Основные линии раздела, глубочайшие межи лежат между старым и новым обществом в целом. Понятия, выработанные, кристаллизовавшиеся в процессе поздней эволюции, последовавшего развития, могут быть применены к ранней поре весьма и весьма условно. Такой вывод неизбежно вытекает из признания эволюции демократического буржуазного сознания.
Нельзя утверждать, будто старые французские просветители или идеологи Великой французской революции были националисты в том смысле, как мы понимаем это выражение, хотя на самом деле они были пламенные патриоты и имели высоко развитое национальное сознание. Нельзя этого делать даже несмотря на то, что их патриотизм имел нередко очень ядовитые проявления.

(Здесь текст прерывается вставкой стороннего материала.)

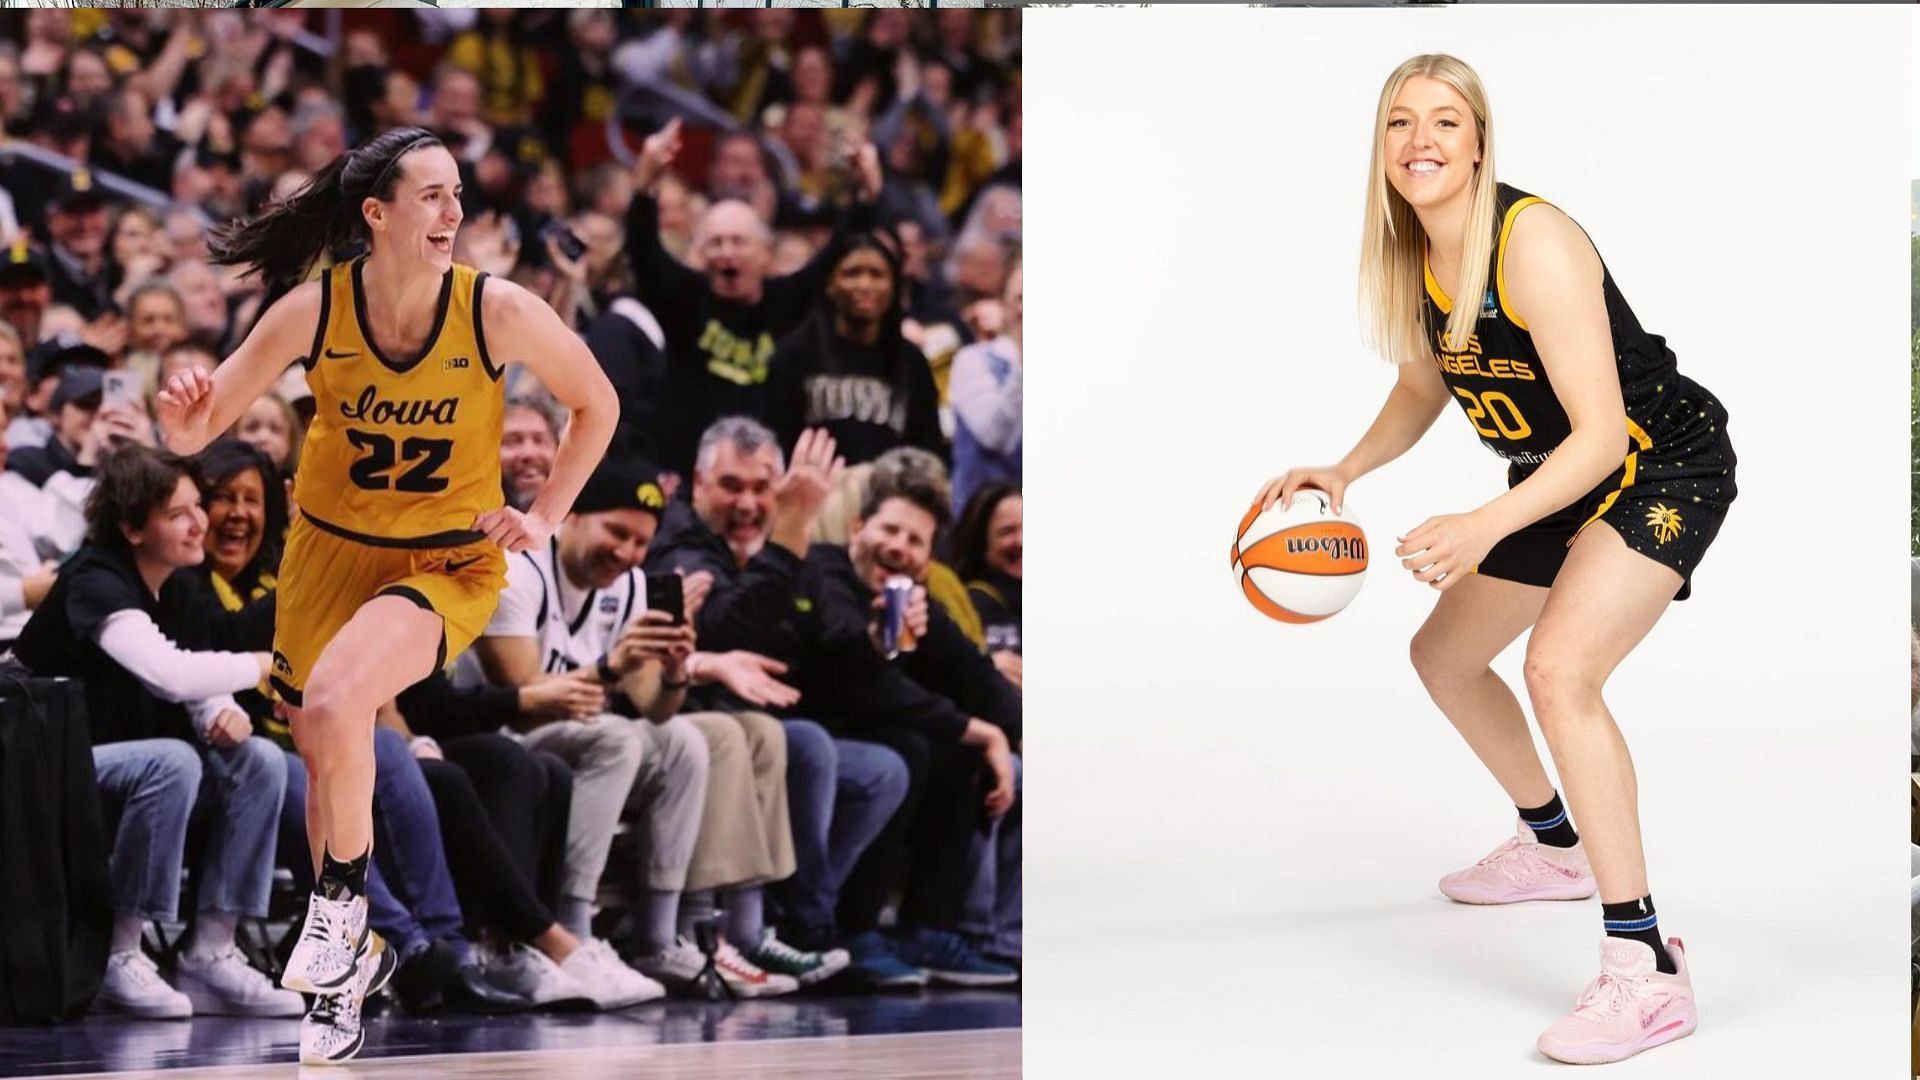 Iowa Hawkeyes basketball star, Caitlin Clark and Monica Czinano
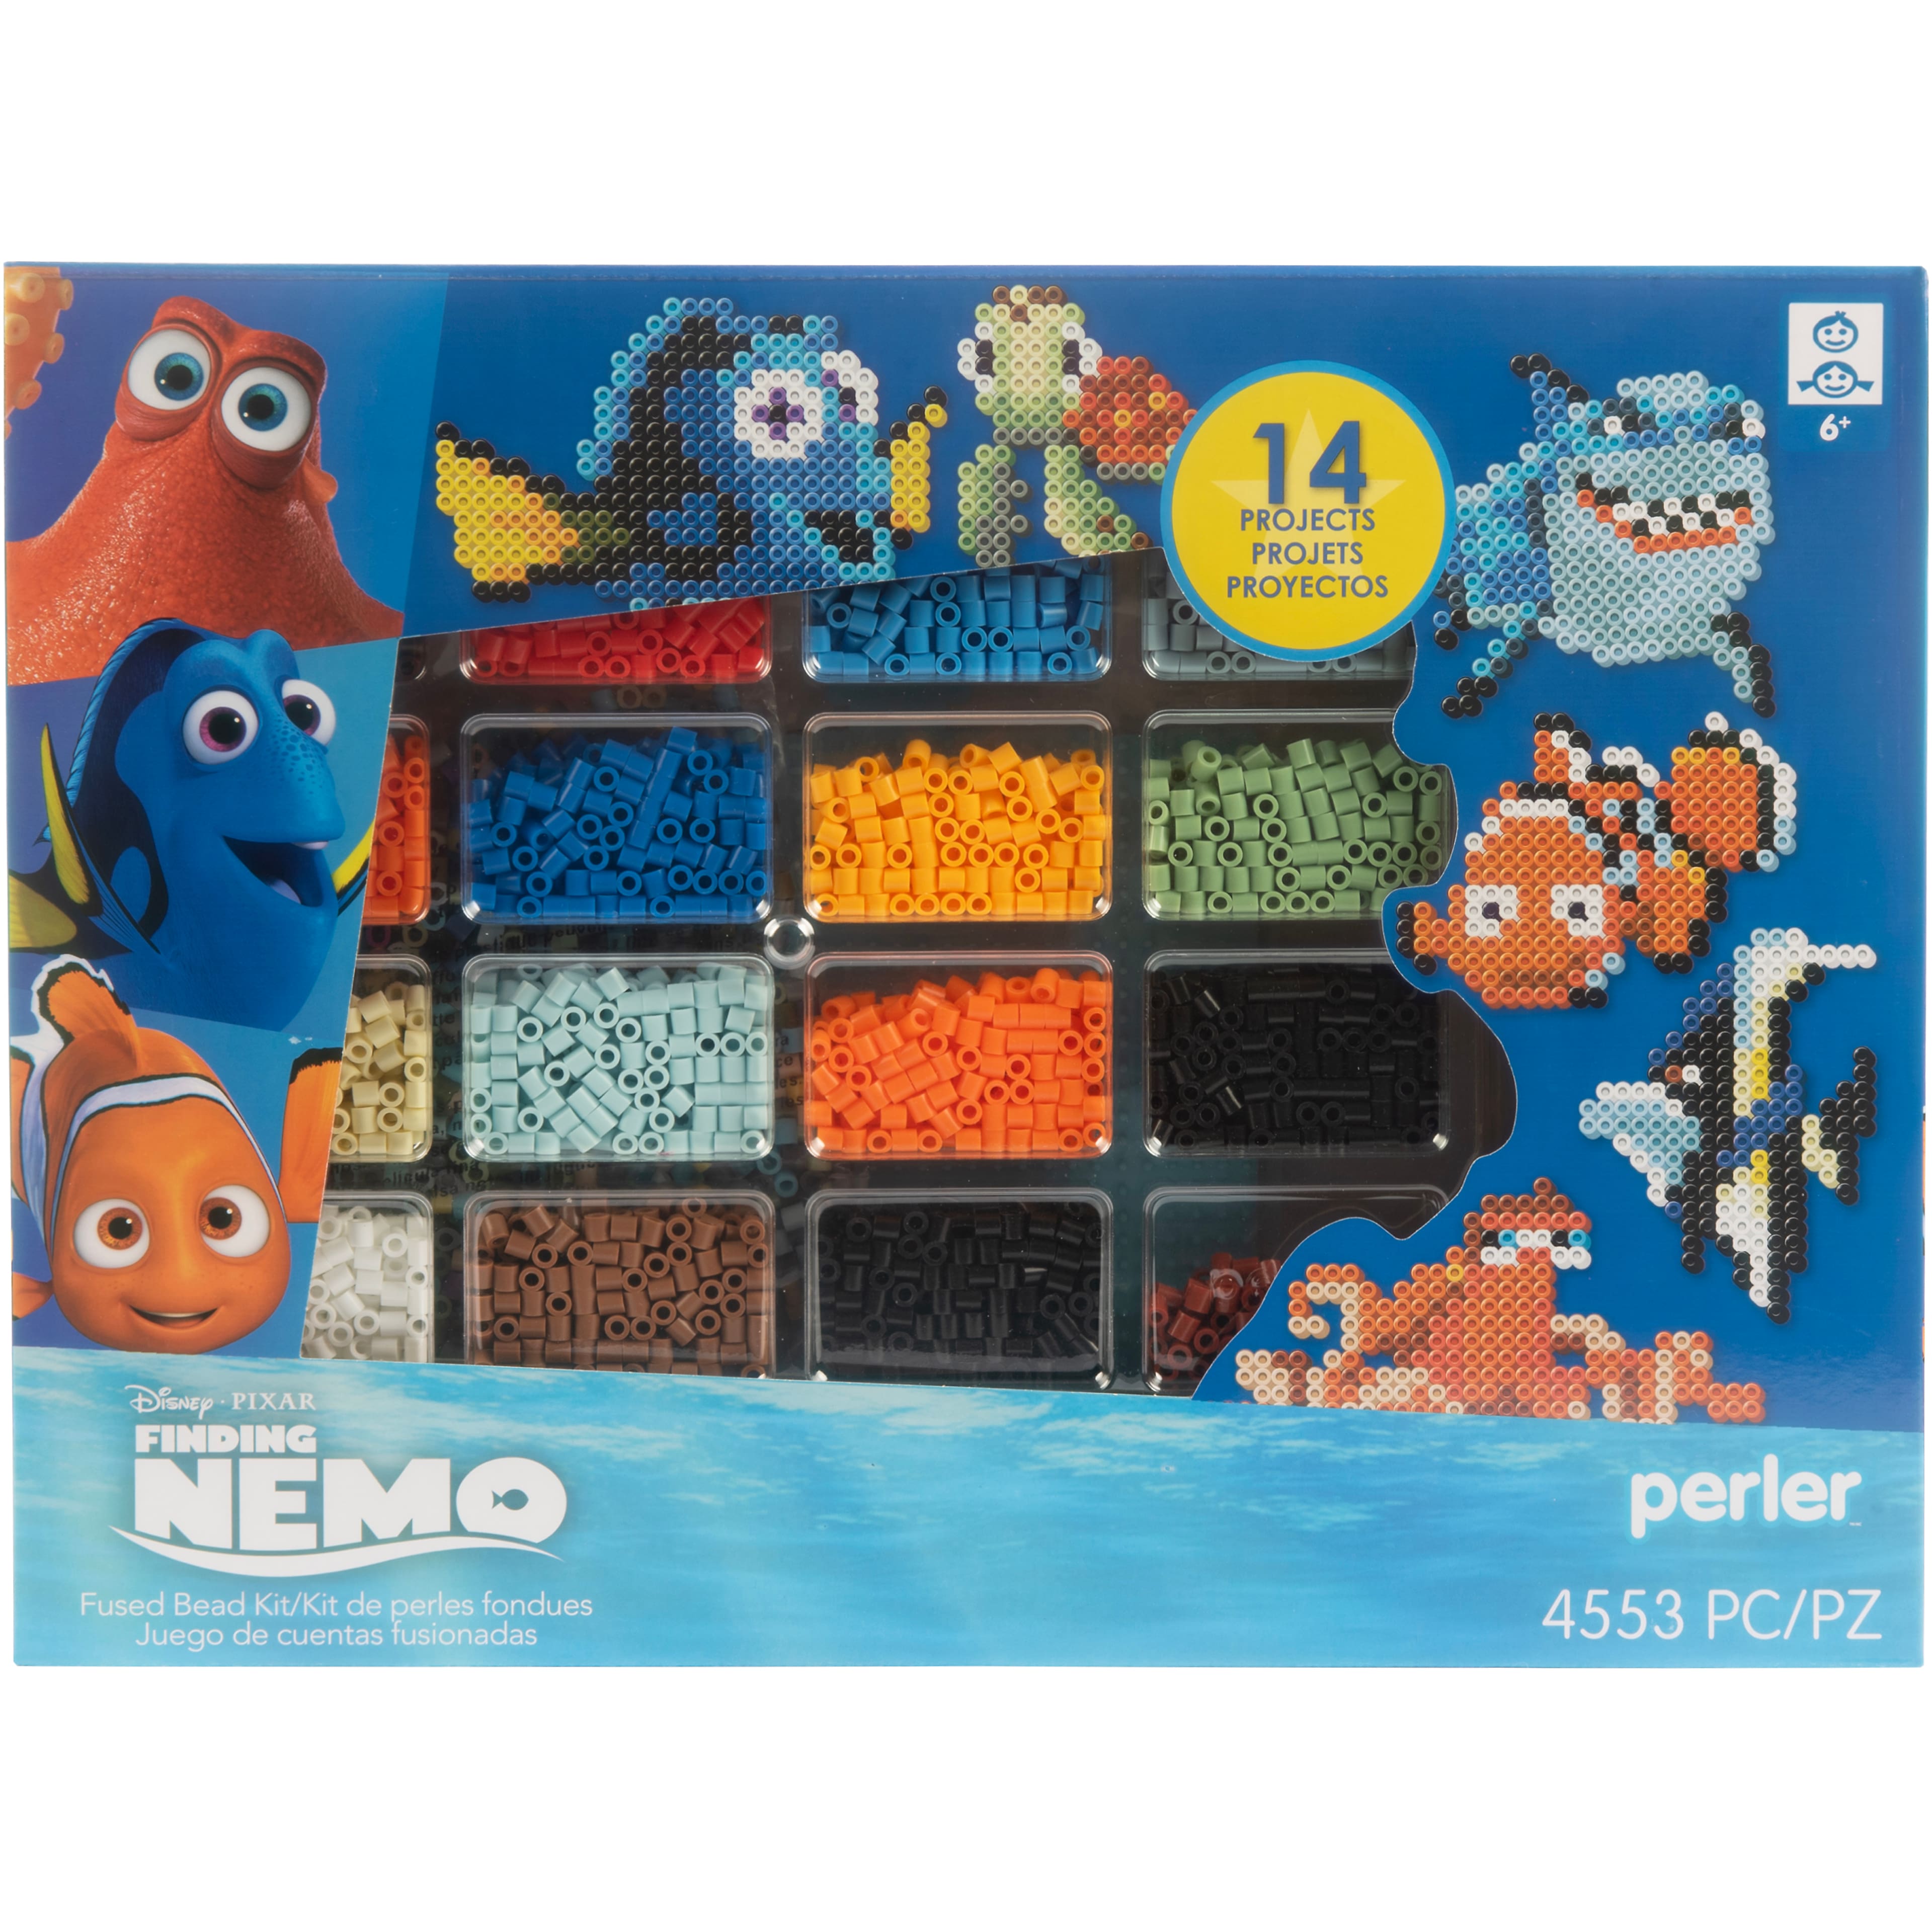 Lot - finding nemo perler bead set

Было бы нелепо сегодня объявить Пестеля идейным дедушкой Пуришкевича только на том основании, что он высказывал по еврейскому вопросу чудовищные вещи. Подобный вывод бессмыслен именно потому, что Пестель вовсе не углублялся в решение еврейского вопроса и его мнение по этому частному вопросу было неуравновешенностью мелкобуржуазного патриотизма. Вспомните, как Руссо гениально сказал: «Всякий патриот суров по отношению к иностранцам, они ничто в его глазах» — национальная идея в самые революционные периоды своей молодости носила в себе семена ксенофобии и каннибализма. Но она — национальная идея — играла известную, строго ограниченную положительную роль, когда, в общем контексте прочих демократических идей выступала поборником точки зрения народа против феодальных привилегий, точки зрения целого против дробного.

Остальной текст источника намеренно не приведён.